In HANNAH PITTARD's The Fates Will Find Their Way (Ecco, Jan. 25), we meet adolescent Trey Stephens, who, in 25 years' time, ends up in jail for seducing an old friend's underage daughter. In The Sweet Relief of Missing Children (Norton, Feb. 28), Sarah Braunstein introduces us to a peeping tom, then an adoptive mother guiltily aroused by her teenage son's erection, then an obedient 12-year-old who can't stop talking to strangers. The difference between these books, at least when it comes to the damaged and the unsavory, is of extent rather than kind.

After all, both hinge on children who go missing. For Pittard, it's Nora Lindell, a red-haired, golden-skinned high school junior who disappears on Halloween. For Braunstein, it seems like half her cast acts out a cascading multigenerational procession of recurring runaways and kidnappings, each one its own variation on themes of flight, abandonment and theft. Despite this obvious kinship, these two debut novels diverge almost completely in how they build themselves around an absent, vanished center.

Pittard's striking beginning — she opens by sending word of Nora's disappearance via a neighborhood phone tree — comes less from the situation than from the voice she delivers it in: an abstracted, omniscient first-person plural, a "we" that represents the collective of Nora's male classmates. It's distancing, mildly creepy, thoroughly voyeuristic — and as the obsessive "we" telling the story begins to speculate about what actually happened to Nora, whether she left or disappeared, Pittard uses that pronoun to implicate her readers in that speculation, that uncertainty.
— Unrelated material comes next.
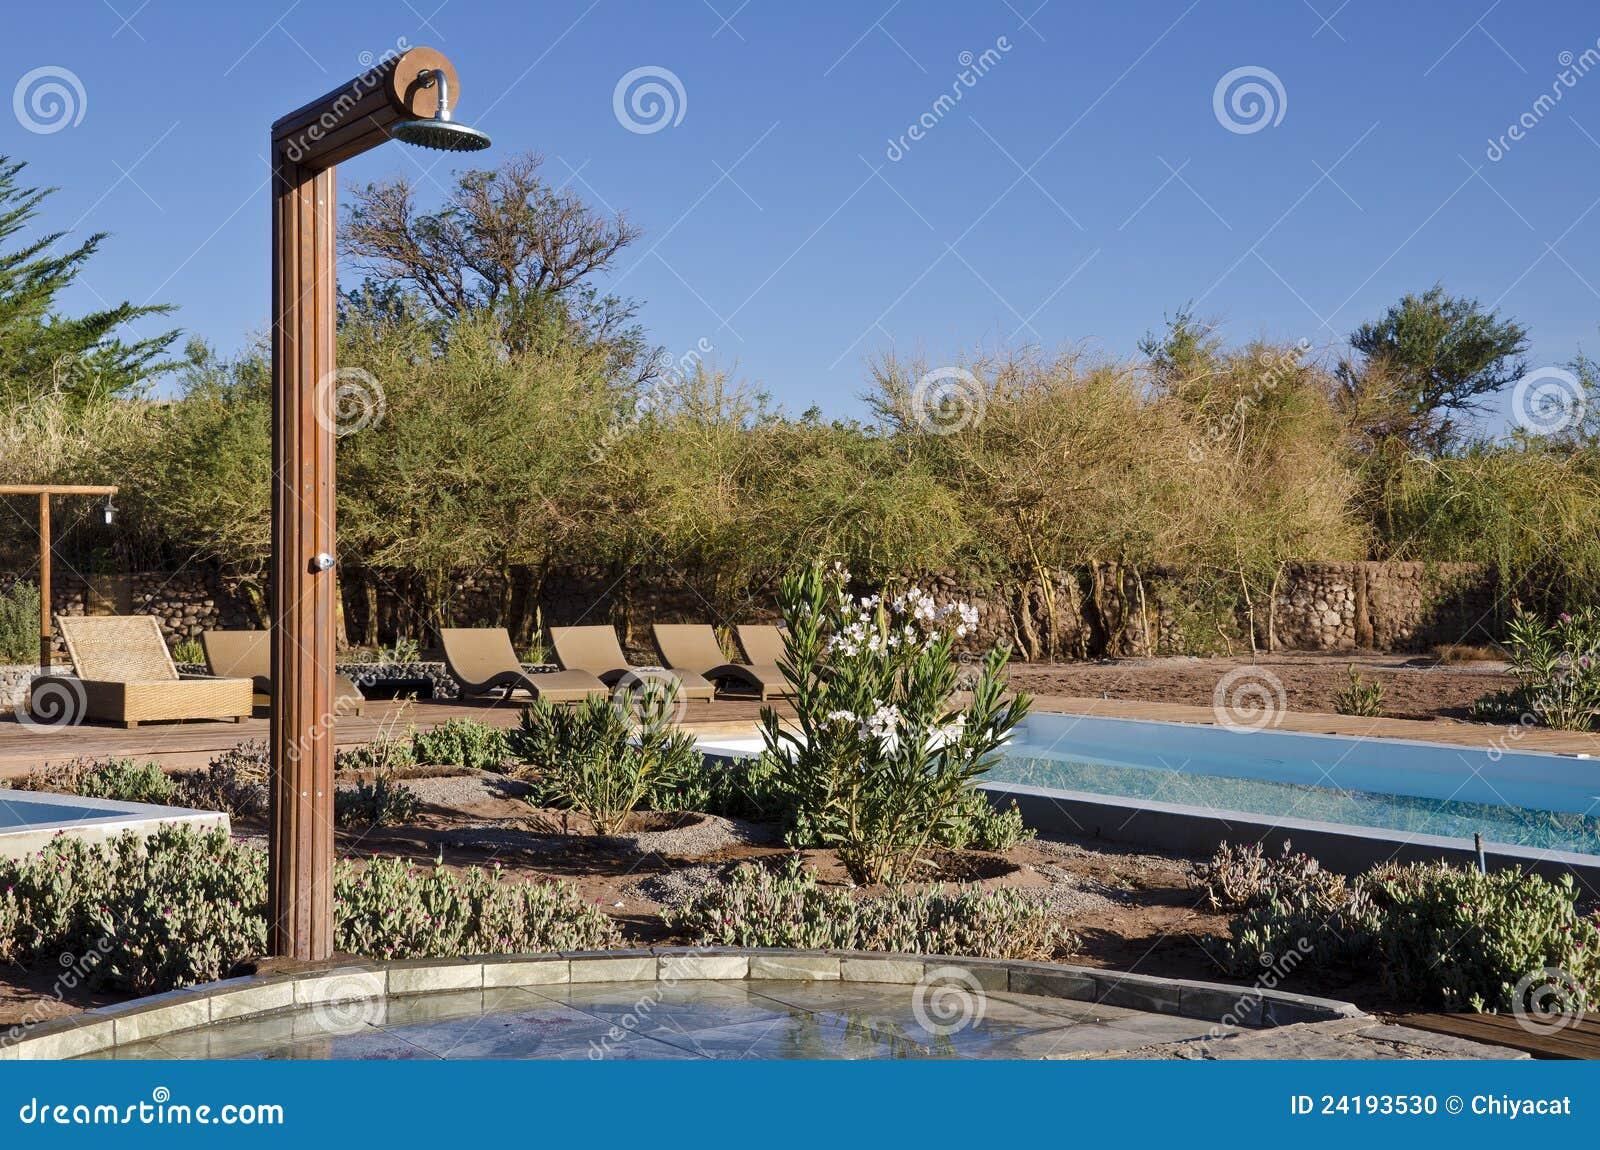 fotos jardim horizontal : fotos jardim horizontal:Chuveiro Ao Ar Livre Horizontal Foto de Stock – Imagem: 24193530

For Braunstein, the loss of a child is obviously terrifying but also immediately liberating. (One runaway daughter's mother thinks, against her will, that "the last 16 years had been a figment, and this was her real life, alone, hers and Hank's, that she'd gone through with the abortion.") It's also played out against the backdrop of an indifferent world: Another mother, approached by a stranger, is on the attack. "Damn the Church. Damn the helpers. ... They want to be assured their own girls don't get stolen. It's an insurance policy, their help. Damn them all, every one of them, and damn you too."

The adolescent male collective of Fates, on the other hand, never approaches such an emotional temperature. Without the specificity of individual injury, these (mostly) nice suburban boys understand that they don't have a right to it, that such fierce claims are reserved for those who do more than stand by and watch and speculate.

As time goes on without any resolution, those (mostly) nice suburban boys do their best to fill up the emptiness of Nora's disappearance. They court her younger sister, and then they ostracize her; they embellish each others' eyewitness testimonies, and then they daydream and speculate competing alternative histories for Nora. By the end of the book, adolescent curiosity has hardened into a collective adult fixation, commandeering Nora's story as "something that was ours alone, and always had been," because they "had earned our fantasies about Nora Lindell; we had kept her legacy alive." Contrasting sharply with the Vaseline-lensed soft focus of Pittard's "we," the solidity of Braunstein's prose grounds her story. Her images emerge muscular and marbled, focused and rich. A 7-year-old, "fascinated still by sewer sludge and bottle caps, by the faces in kneecaps," gets lost on his first trip to the big city; a young wife, convinced she's unworthy of her husband and daughter, imagines her "faith and fidelity like apple seeds she'd swallowed by accident, in her but not of her, working their way out." These images aggregate into sharply individualized characters, each one clearer than any of the boys in Fates, who only bear names and capsule histories.

The sharp specificity of Braunstein's characters works best in short sections, before overwhelming the senses like over-patterned wallpaper. The difference is between the large scale and the small; but, even more than that, the difference between books as surface-similar as these is one of ambition against execution.